WHAT TO PRODUCE:
Set the data below down again, exactly, with every picture left out.

Top of RAW DATA

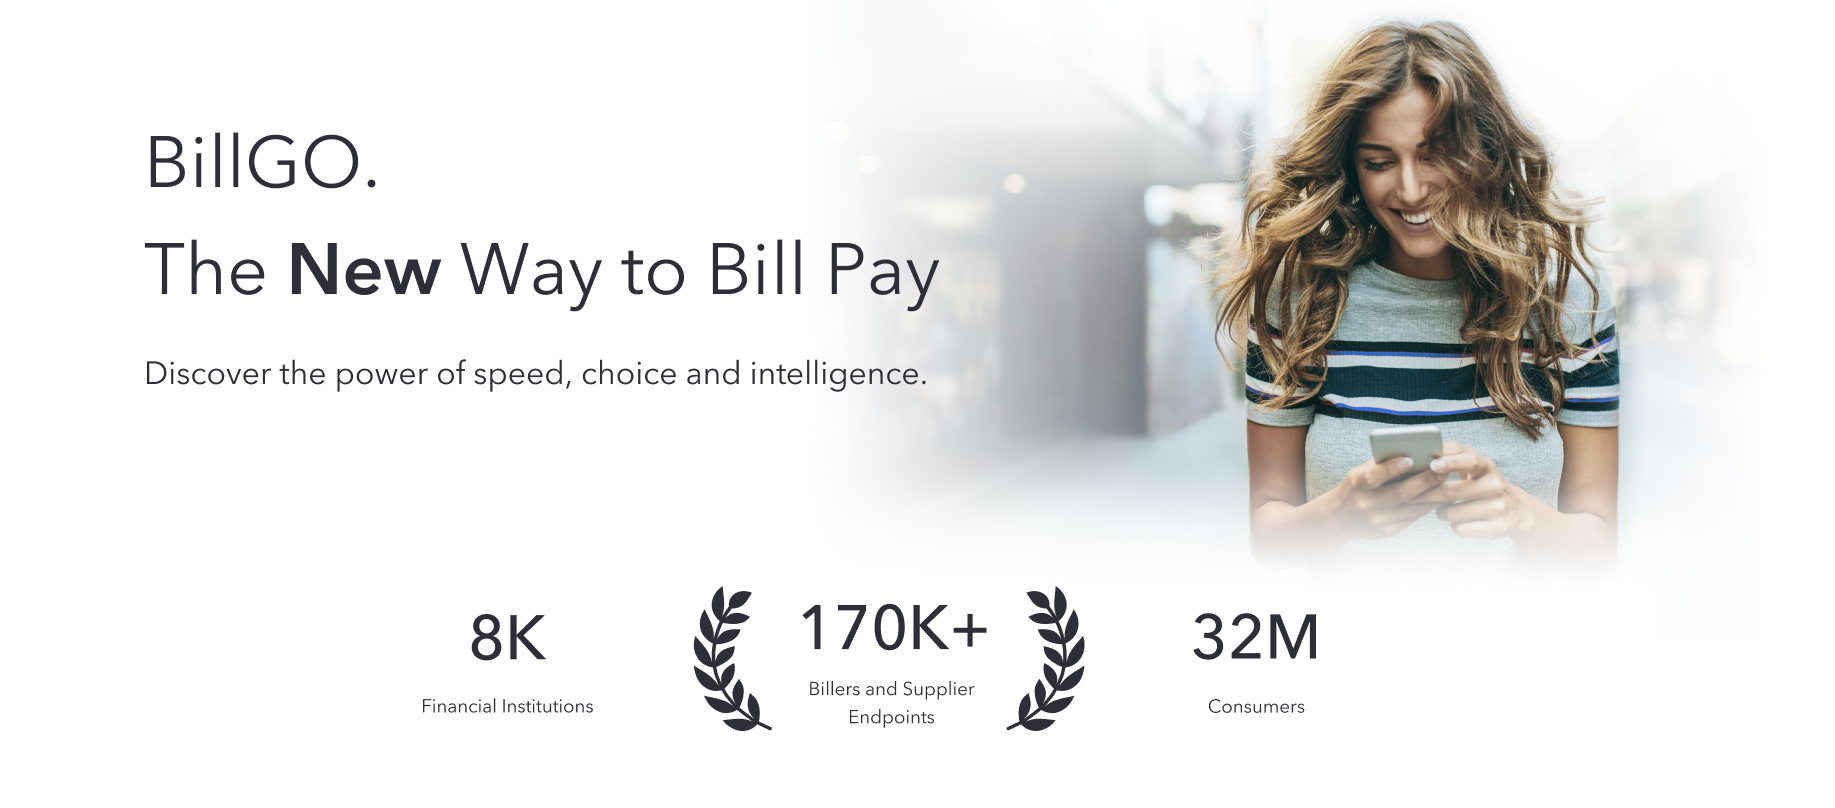 BillGO. The New Way to Bill Pay.
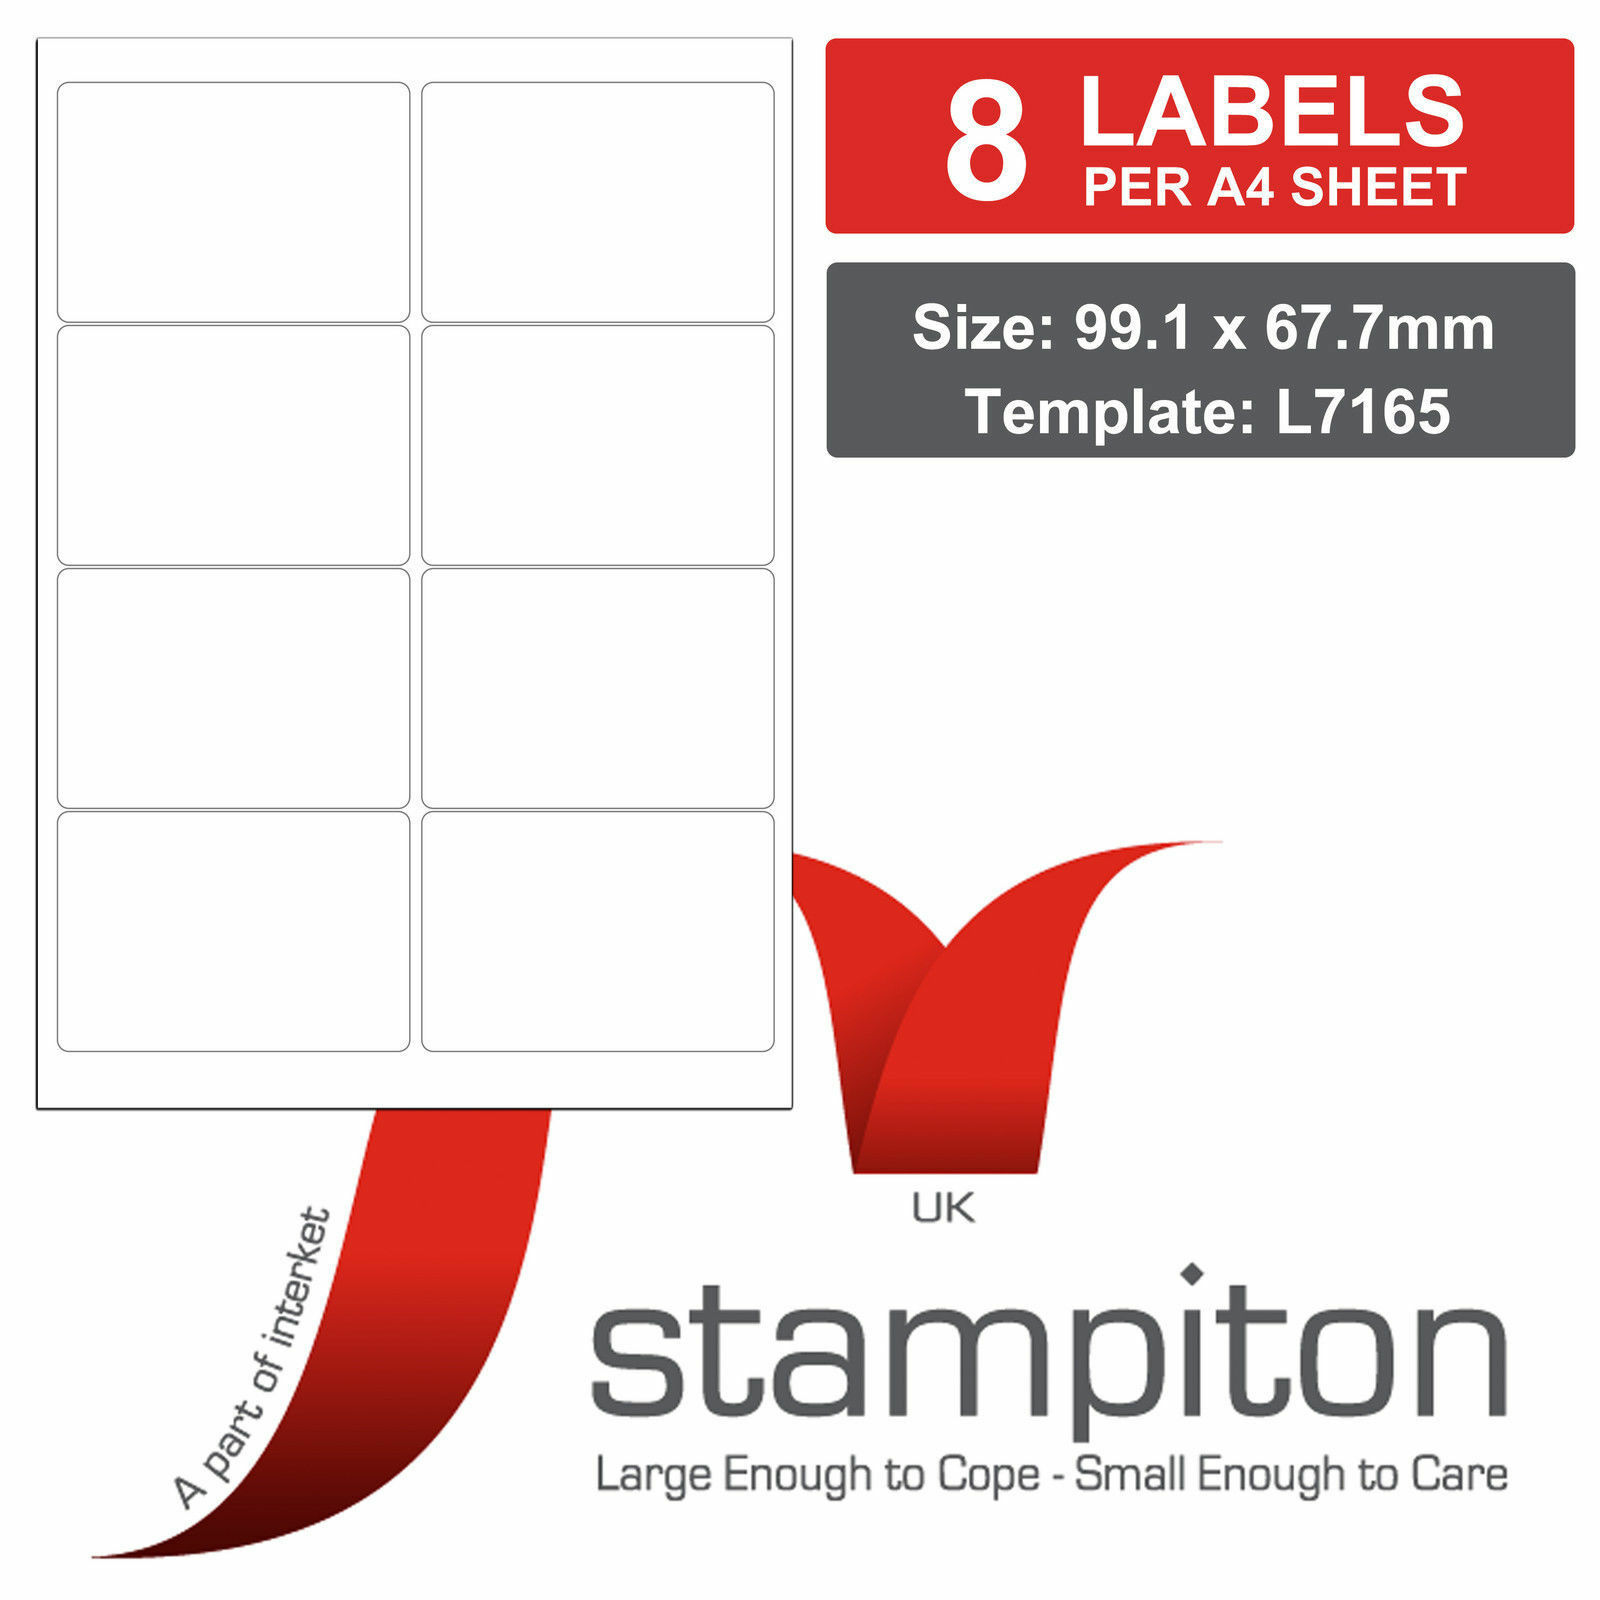 pk 100 stampiton 8 per sheet multipurpose label avery l7165 j7165
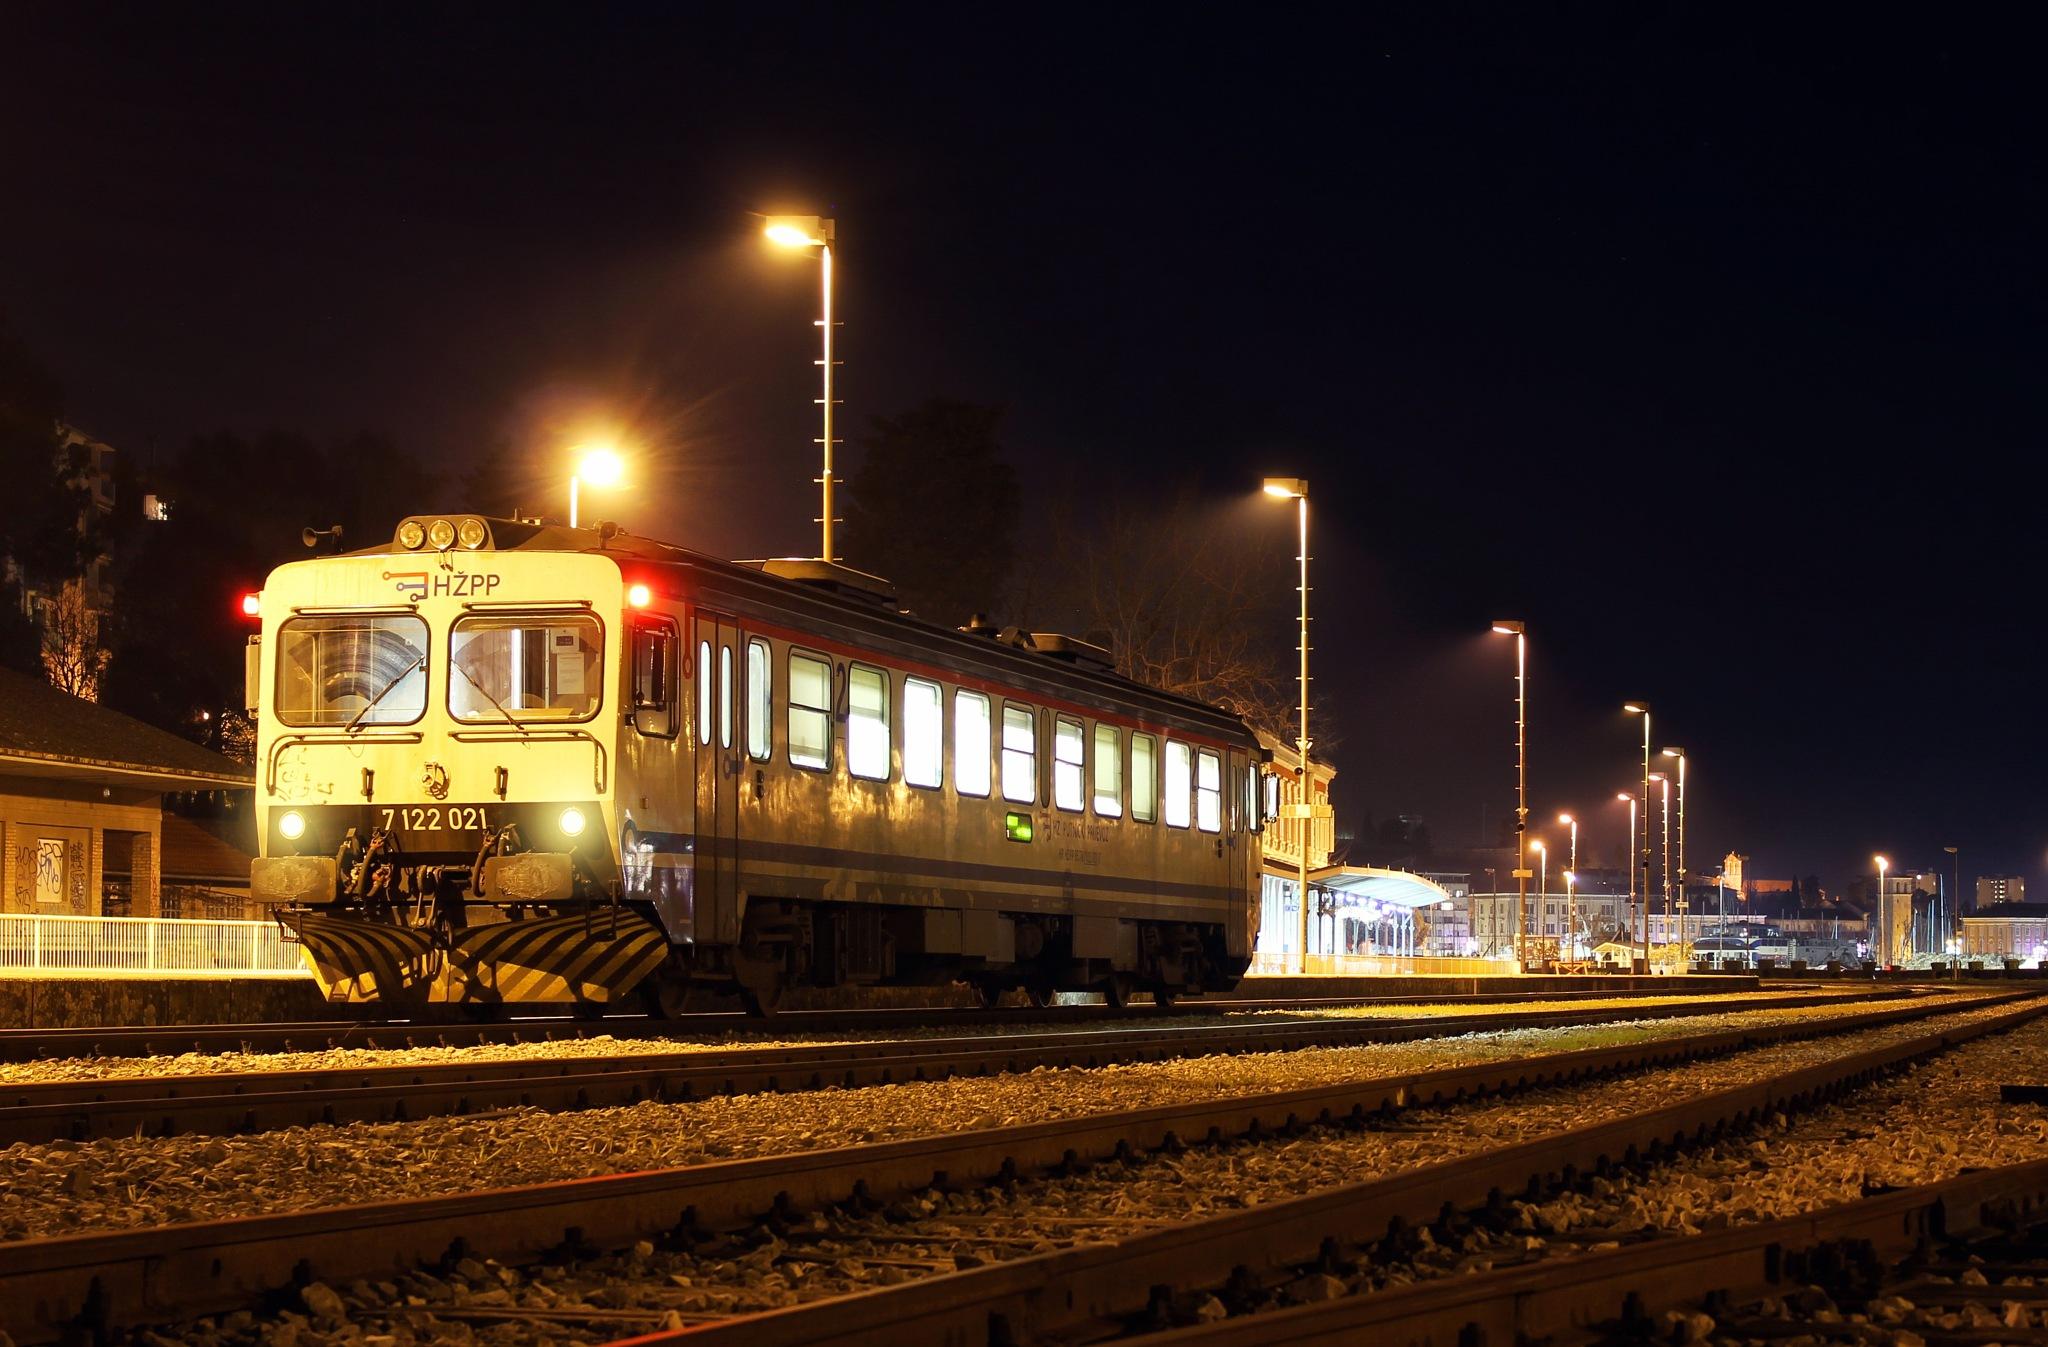 last train for tonight by Kristijan Siladic

Bottom of RAW DATA

RESPONSE:
 BillGO. The New Way to Bill Pay.
 pk 100 stampiton 8 per sheet multipurpose label avery l7165 j7165
 last train for tonight by Kristijan Siladic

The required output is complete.